We recently hosted a visit to our garden by students from our local school, who came to look at how we garden with wildlife in mind, how we attract wildlife of all sorts and create a balanced ecosystem. We all had a great time!

We began by looking at our live moth trap that had been in operation overnight. We studied the wide variety of moths that inhabit our garden overnight and slowly released them after encouraging each student to let a moth or two sit on their hands. Our overnight trapping was most successful with hundreds caught, with dozens of different species from the smallest micro moth up to our largest hawk moth. All were successfully released unharmed.

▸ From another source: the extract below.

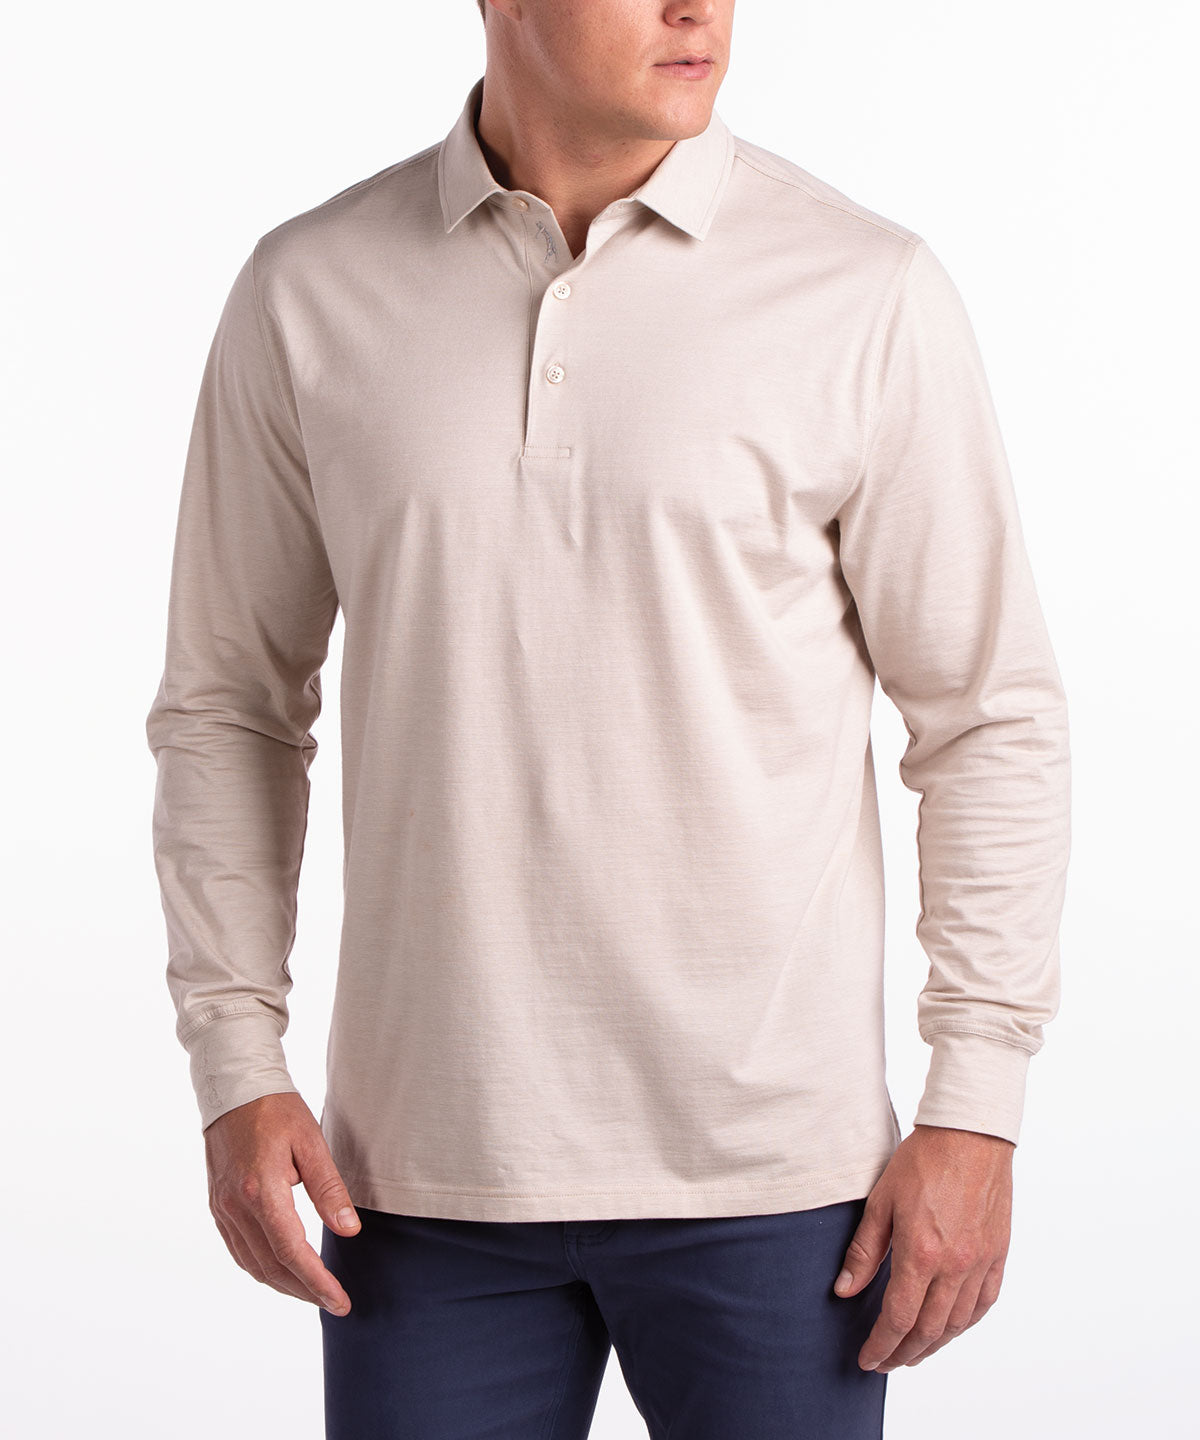 Bobby Jones Long-Sleeve Button-Down Polo Shirt

This Poplar Hawk Moth took a real liking to this young lady and stayed on her face for the whole visit. She even named him Steve!


We then enjoyed giving a guided tour of our patch, starting in the front garden and slowly moving through the whole patch, looking for plants that attract wild and identifying why and seeking out wildlife habitats and home made features.


A quick pond dip and the students were delighted to meet one of our frogs, a really impressive large one.

We then moved into the front garden and began a tour of our plot when we pointed out how we attract wildlife to our garden, highlighting plants that attract pollinators and all our home-made features, such as insect hotels and bird boxes. There was then time for a break when we all enjoyed tea, coffee and some of Jude’s home-made cakes. This was followed by a quiet time when the students explored the garden on their own and recorded what they had experienced in words and drawings.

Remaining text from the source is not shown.